Sunday, October 31, 2021

ÇIĞ NEDİR, NASIL ÖNLENİR?

BD  /  at  October 31, 2021  /  No comments

 

Çığ, vadi yamaçlarında biriken kar örtüsünün iç ve dış kuvvetlerin etkisi ile başlayan ilk hareket sonucu vadi tabanına doğru hızla kayması olayıdır. Çığ, genellikle dağlık, eğimli ve engebeli arazilerde meydana gelir. Yerleşim alanlarını, iletişim hatlarını ve ulaşım olanaklarını doğrudan doğruya etkilemektedir.
Çığ zararlarına karşı koruma önlemleri alınabilmesi için çığ meydana gelebilecek yerlerin tespit edilmesi gerekmektedir. Çığ oluşmasına uygun doğal şartlara sahip bulunan bölgeler ve güzergâhlar veya daha önce çığ olayının vukuu bulduğu yerler muhtemel çığ alanları olarak belirlenir.

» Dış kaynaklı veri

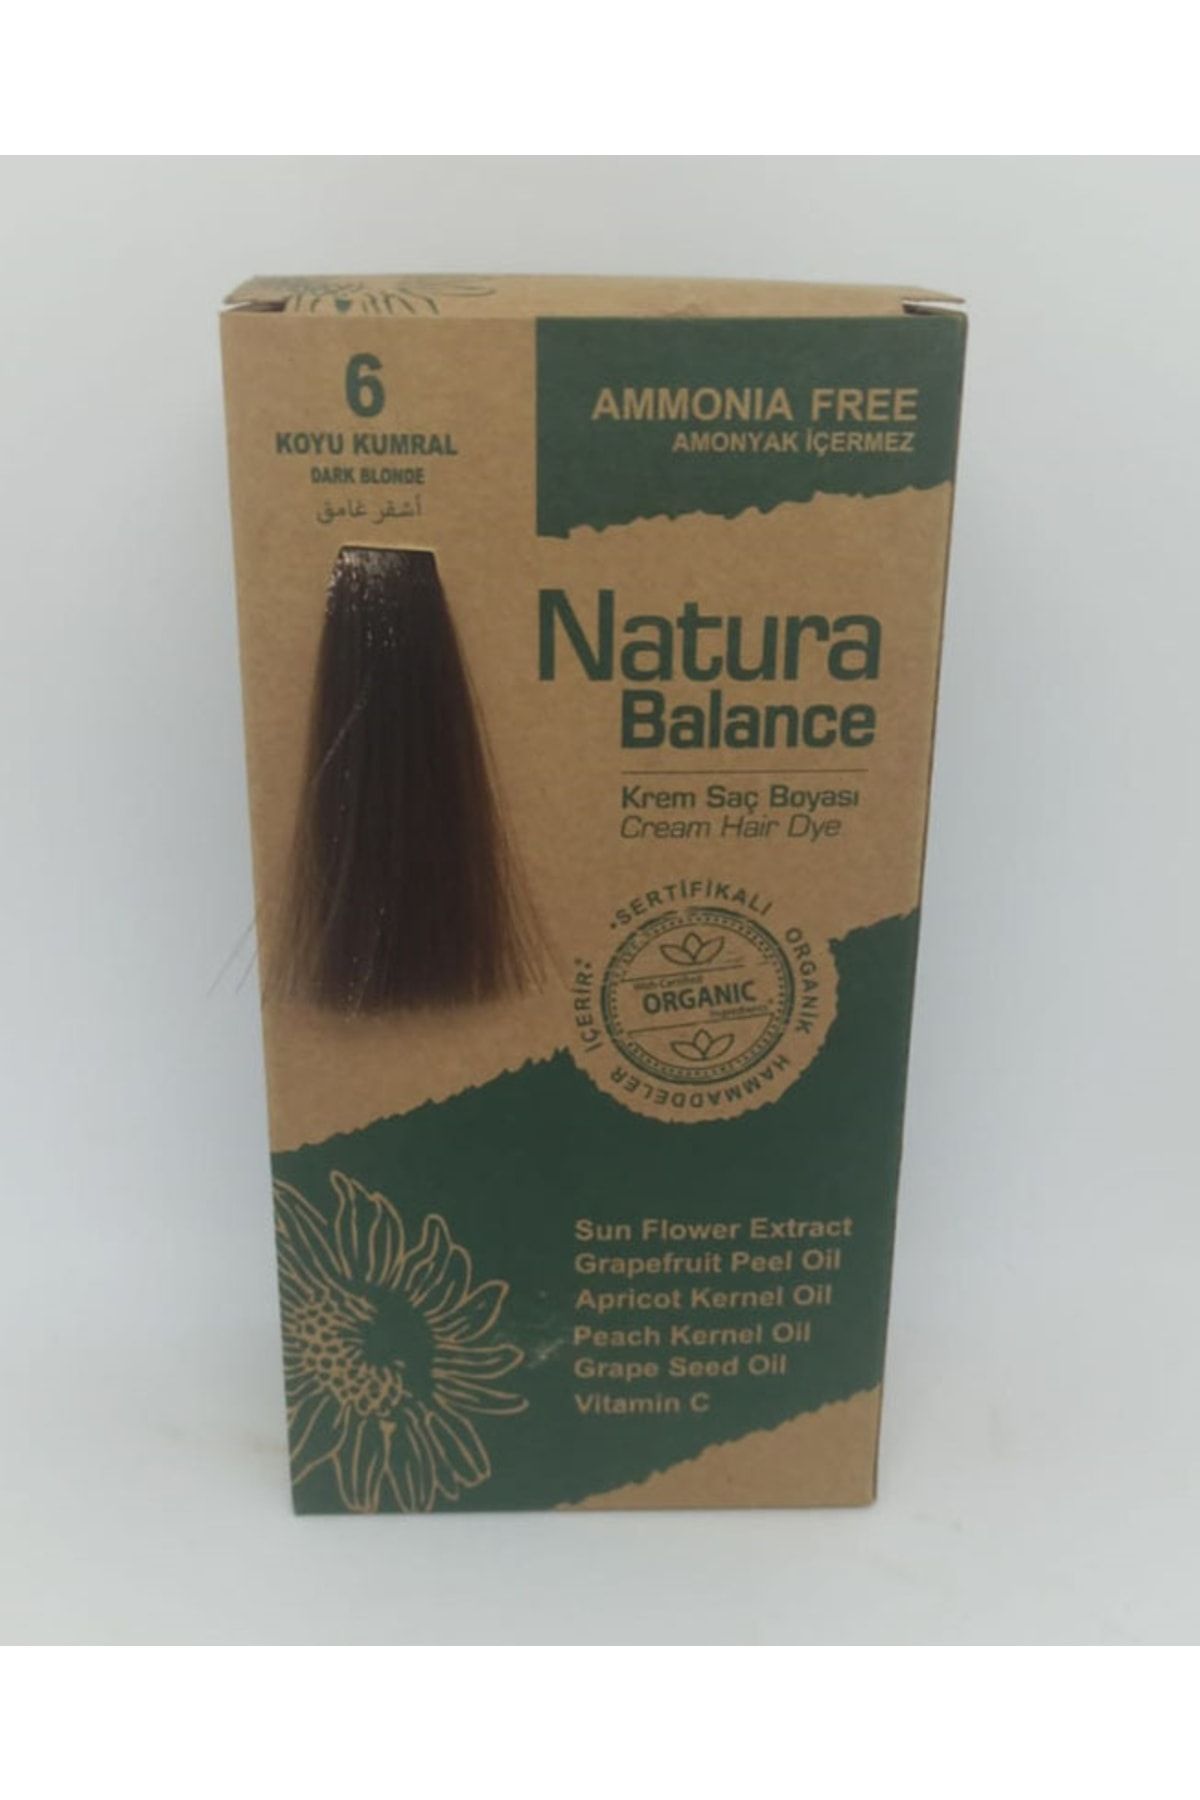 NATURABALANCE Natura Balance Organik Saç Boyası Seti Koyu Kumral

Önce makro düzeyde, tarihsel veriler incelenerek hangi bölgelerde çığ olayının meydana geldiği yerler coğrafi bölgeler olarak belirlenir. Daha sonra çığ bölgelerinin topoğrafik ve meteorolojik verileri analiz edilmek suretiyle çığın oluşmasında etkili olan faktörler ortaya çıkarılmaya çalışılır. Belli bir çığ bölgesinde hangi kesimlerde çığ olasılığının fazla olduğu tespit edilebilir.

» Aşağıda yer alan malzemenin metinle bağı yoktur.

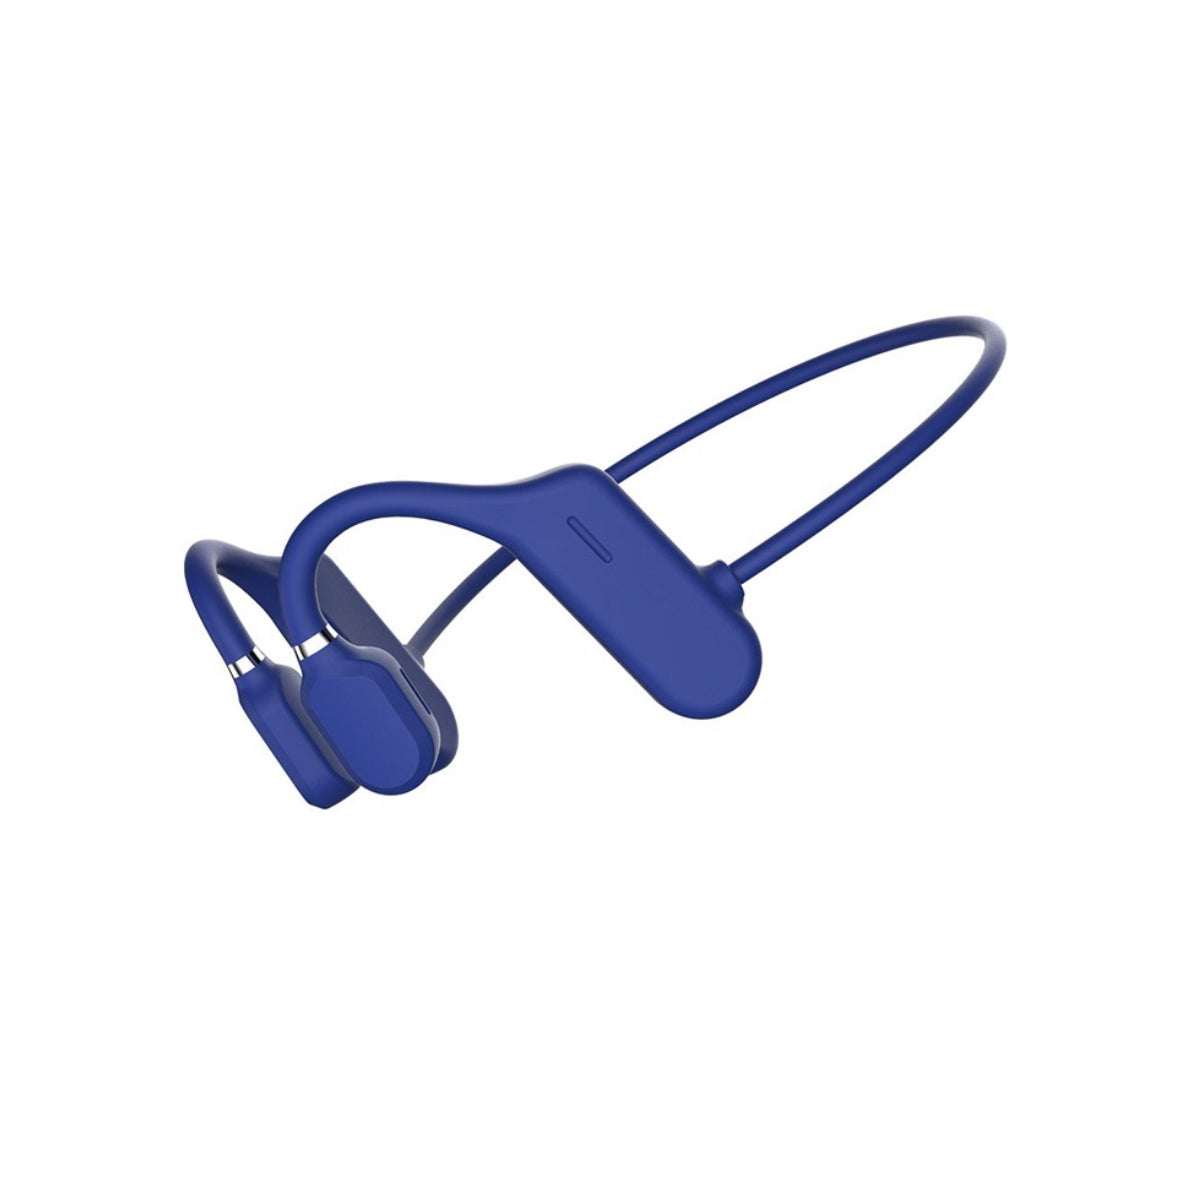 Open Ear Induction Stereo Wireless Headphones by VistaShops

Çığ bölgesindeki yağış şekilleri, yağışların tekerrürü, sıcaklık ve sıcaklık değişimleri, çığ oluşumunda etkili olmaktadır. Örneğin, şiddetli bir tipiden sonra sıcaklığın hızla artarak ılık bir havanın meydana gelmesi ve (0 °C) üzerinde, uzun süren ılık devrelerde kar çözülmeleri ve erimeler sonucunda ıslak çığlar oluşabilir. Kar üzerine yağmur yağması da aynı etkiyi yapar. Çığ oluşmasında etkili olan diğer bir faktörde rüzgârdır. Rüzgâr hızı 7 m/sn’in üzerine çıktığı zaman çığ meydana gelmesinde etkili olmaktadır.
Direk çığ oluşumuna katkısı olan meteorolojik faktörler ve kar örtüsü koşulları aşağıda özet olarak belirtilmiştir.

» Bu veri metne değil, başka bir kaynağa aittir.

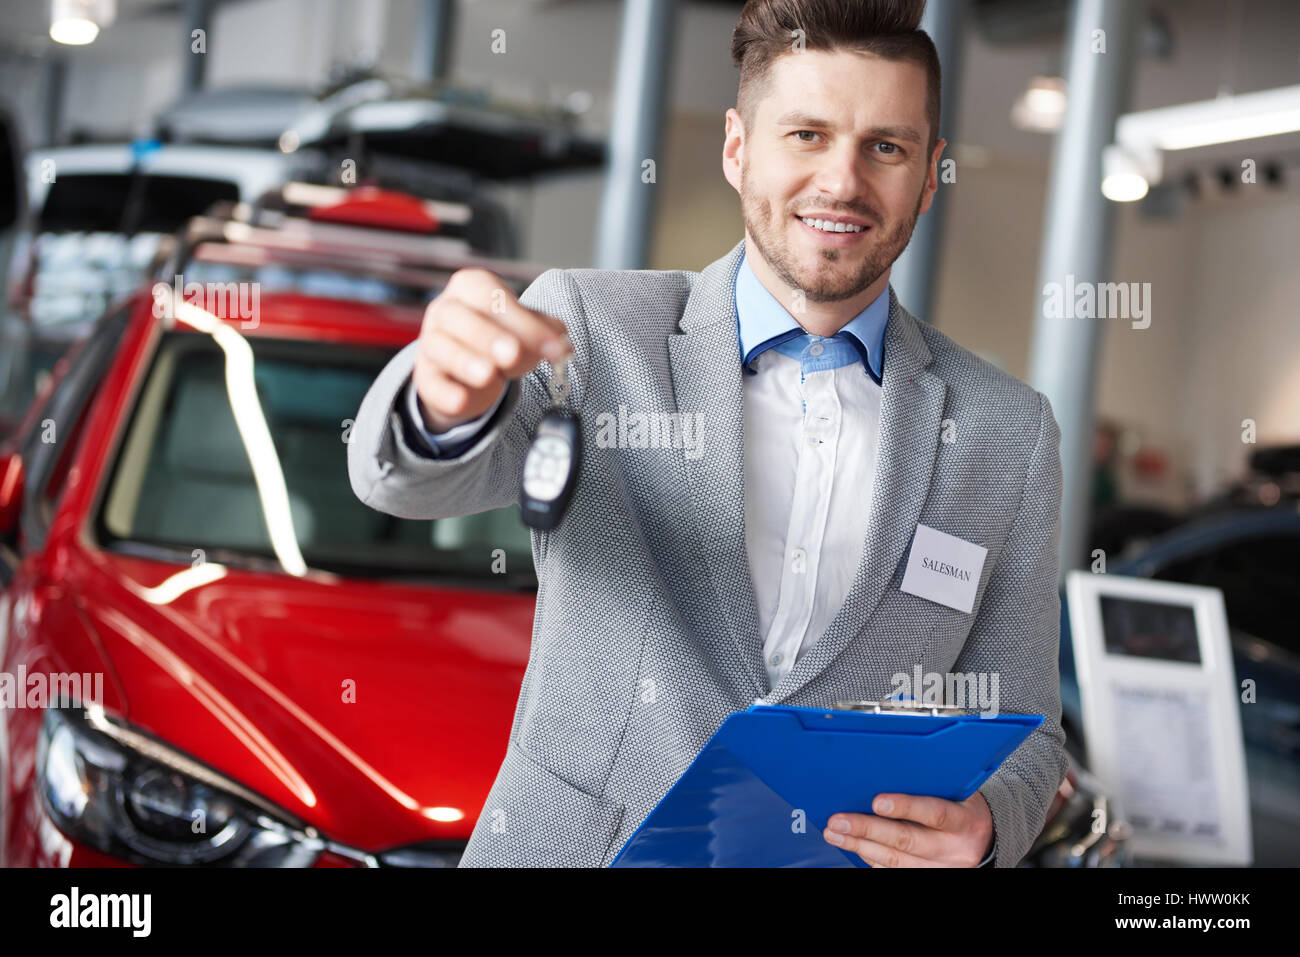 Smiling salesman handing car keys Stock Photo

•Yerel arazi engebelerini kapatıp düzleyebileyecek derinlikte eski, birikmiş kar örtüsü,
•Yağmur yağışından veya yüzeysel erime-buzlanma olayından ötürü yeni yağacak kar ile yapışıp kaynaşmayı önleyecek eski kar örtüsü yüzeyi,
•25 - 30 cm. derinliğinde yeni kar. Bazen diğer koşulların uygun olması halinde 15 cm. derinlikte yeni kar olması dahi çığ başlangıcı için yeterli olabilir.
•Kar numune alma aleti ile belirlenen kar yoğunluğunun, uzun dönem meteorolojik ortalamadan büyük sapma göstermesi, yoğunluğun yüksek olması blok çığ oluşumunu kolaylaştırır.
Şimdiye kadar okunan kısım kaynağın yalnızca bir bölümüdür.